Санька удивилась несказанно:

— Со мной?! Да ты что…

— Неужто не желаешь поглядеть представление про царя Эдипа?

Хотеть-то Саньке очень хотелось, а домой? О господи! Опустив глаза, она в нерешительности теребила, мяла, перебирала пальцами бахрому своего пунцового полушалка.

Потом шепотом спросила, подняв на Федора покорные глаза:

— И это с собой потащим? — Она показала на пустые из-под сбитня чайники и глиняные кружки.

— Разве можно? В храм Мельпомены? — чуть ли не с ужасом, хоть и весело вскричал Федор.

— В чей, в чей храм? — опять не поняла Санька. — В чей, говоришь?

Федя не стал объяснять. Сказал:

— Ладно, сама увидишь, — и засунул все свое торговое снаряжение за какие-то размалеванные холсты.

— А как утащут? — спросила Санька. — Прибьет тебя хозяин.

— Хозяин у меня хороший, не прибьет. Да и цело будет. Кому сие нужно. Полезли в раек.

Какими-то непонятными темными закоулками Федя провел Саню к крутой и очень узкой лесенке, которая винтом закручивалась вверх. Куда В тот самый раек, надо думать… Санька не стала допытываться. А Федя, видно, частенько тут бывал и хорошо знал эти места.

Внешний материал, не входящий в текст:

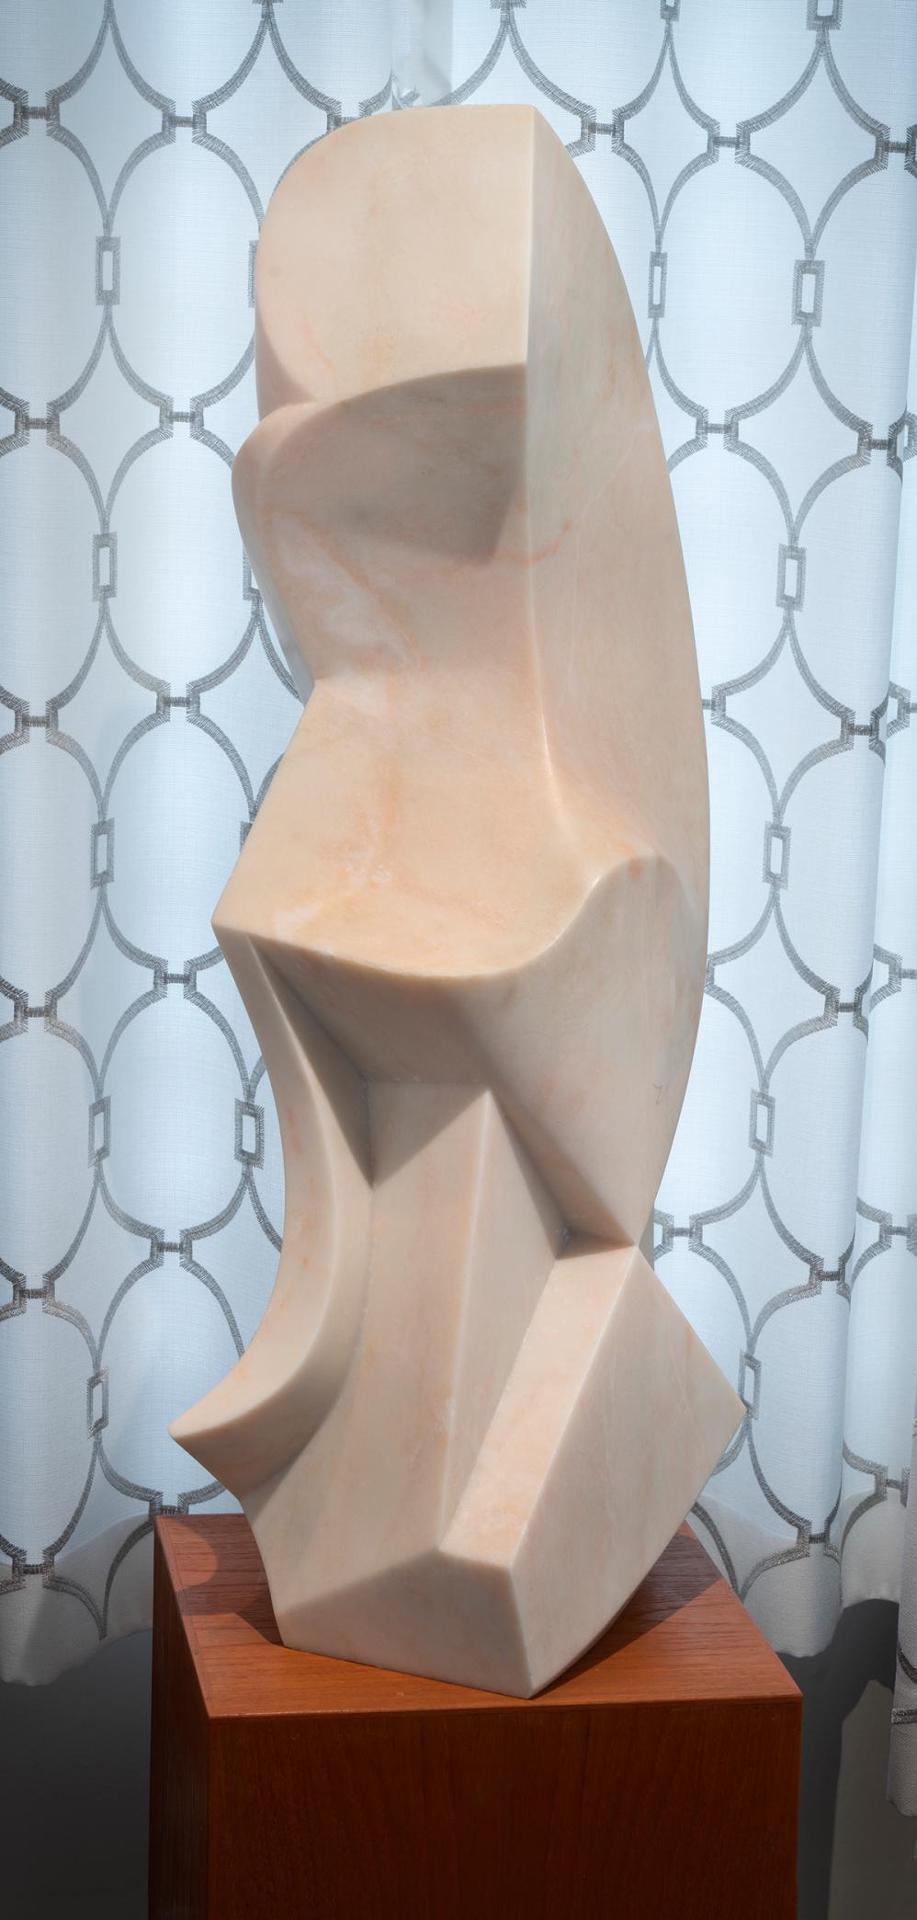 Marigold Sherstobitoff (1934) - Untitled - Tall Sculpture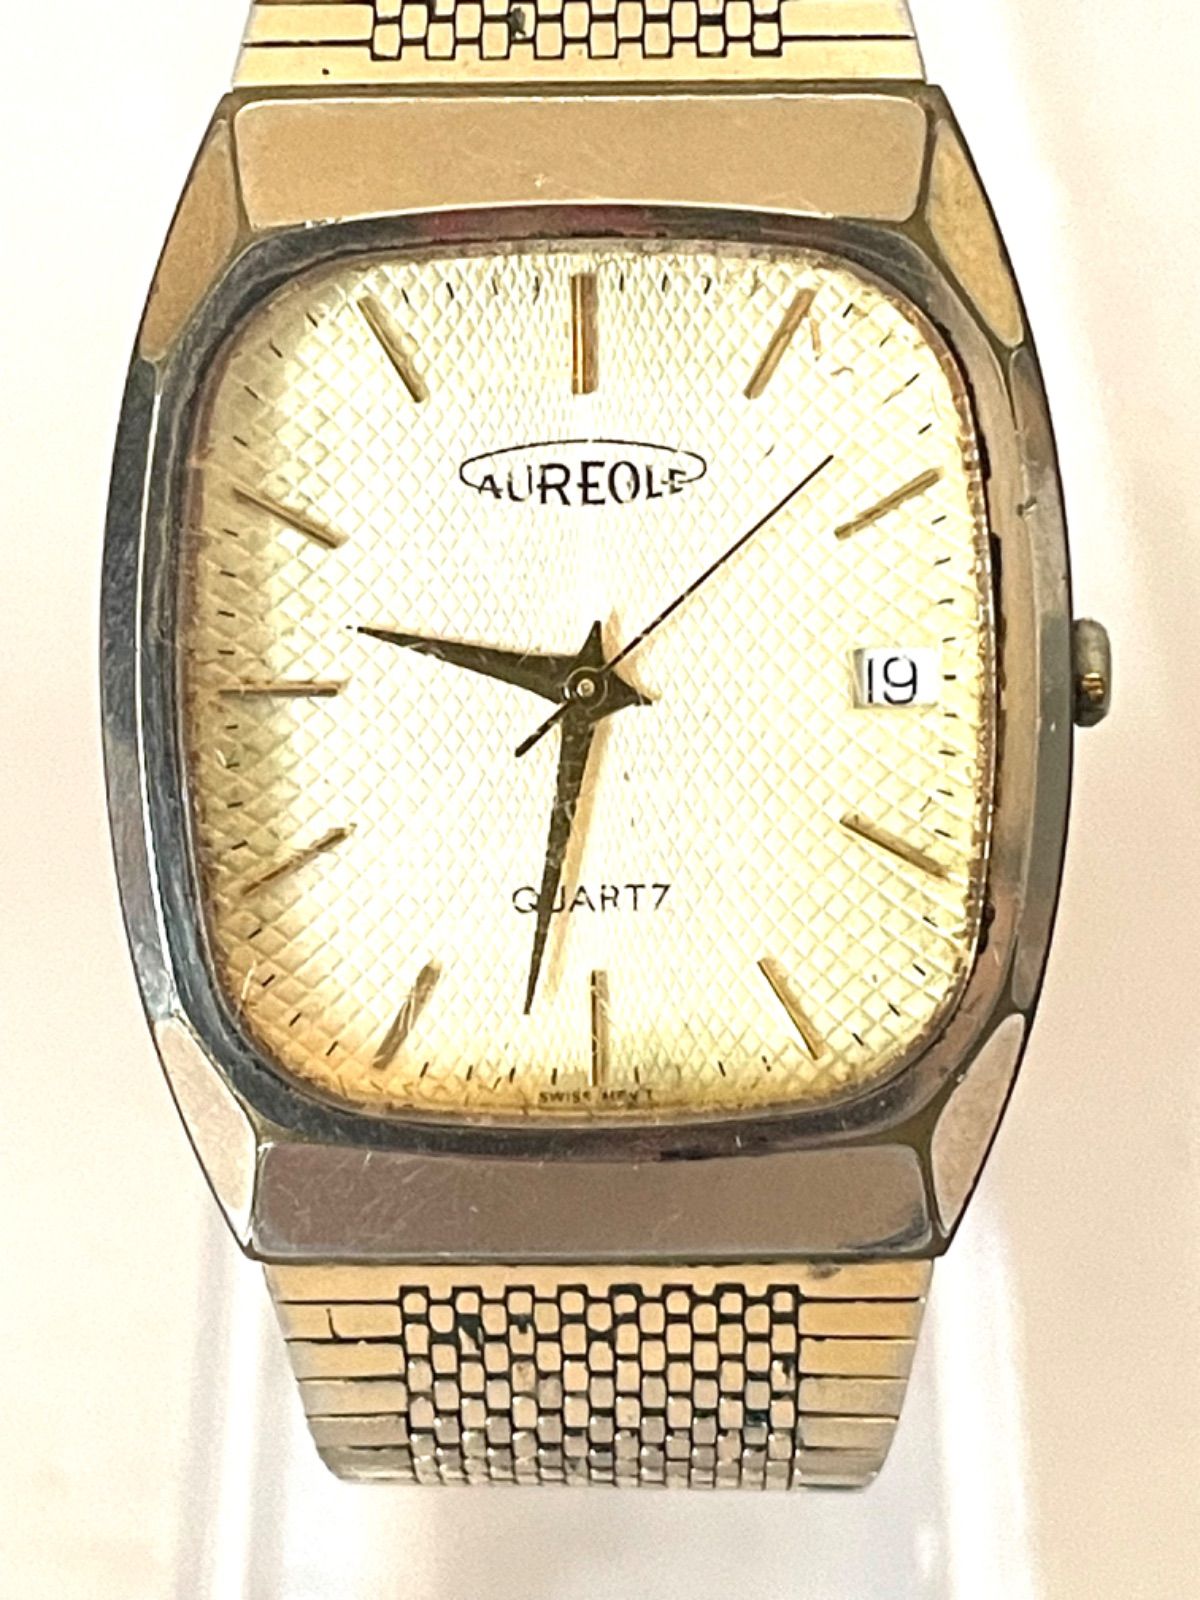 AUREOLE オレオール 腕時計 sw-211 スイス製 ゴールド - 腕時計

— Скорей, — поторапливал он Саньку. — Не отставай… Саньке казалось, конца не будет этим скрипучим, еле освещенным ступеням. Думала: куда только Федор меня тащит и куда я, оглашенная, за ним лезу? Небось к богу в рай и то легче попасть, чем в какой-то здешний раек!

Однако не отставала. Лезла, шагала со ступеньки на ступеньку, со ступеньки на ступеньку…

А откуда-то сверху, а может, и снизу, а может, слева, а скорее всего отовсюду и все громче и громче доносился какой-то непонятный гул. Словно бы ветер разгулялся по вершинам огромных деревьев, и деревья эти, раскачиваясь из стороны в сторону, непрестанно и протяжно шумели.

А Федя ей хоть полушепотом, однако сердито:

— Ползешь, чисто улитка… Увертюра началась, слышишь? Опять непонятное слово! У-вер-тю-ра… Господи, да что ж это такое? Язык сломаешь, пока выговоришь!

Санька с поспешностью устремилась вверх по лестнице.

Что и говорить — сумбур, сумятица, неразбериха царили сейчас в Санькиной голове. Из того мира, где все было ей ясно и понятно, где на смену весне приходило лето, а вслед за летом шла осень и Зима, где весной нельзя было упустить денечка и надобно было побыстрее вскопать батюшкин огород, посадить репу, горох, посадить чеснок, да лук, да иные овощи, а летом за ними ухаживать — поливать и полоть, а по осени собирать и везти в базарный день на продажу, из того ясного и понятного мира Санька внезапно переместилась в иной мир, где для нее одно было непонятнее другого.

У-вер-тю-ра… Надо же придумать этакое слово!

Наконец долезли. Дальше было некуда. Они находились наверху, почти под самым потолком. А перед ними спина к спине, плечом к плечу стояли люди. Так тесно стояли, что из-за их спин нельзя было разглядеть, что делается впереди. И все больше, успела заметить Санька, находились тут из сословия мещанского или мастеровые, а благородных, какие на Арбатской площади вылезали из карет, тех вовсе не было.

— Теперь вперед будем пробираться, — шепотом через плечо кинул ей Федор.

Вперед? Куда же вперед-то, думала Санька, чувствуя себя дура дурой. Впереди ведь сплошняком стоят. Не по головам же по ихним шагать?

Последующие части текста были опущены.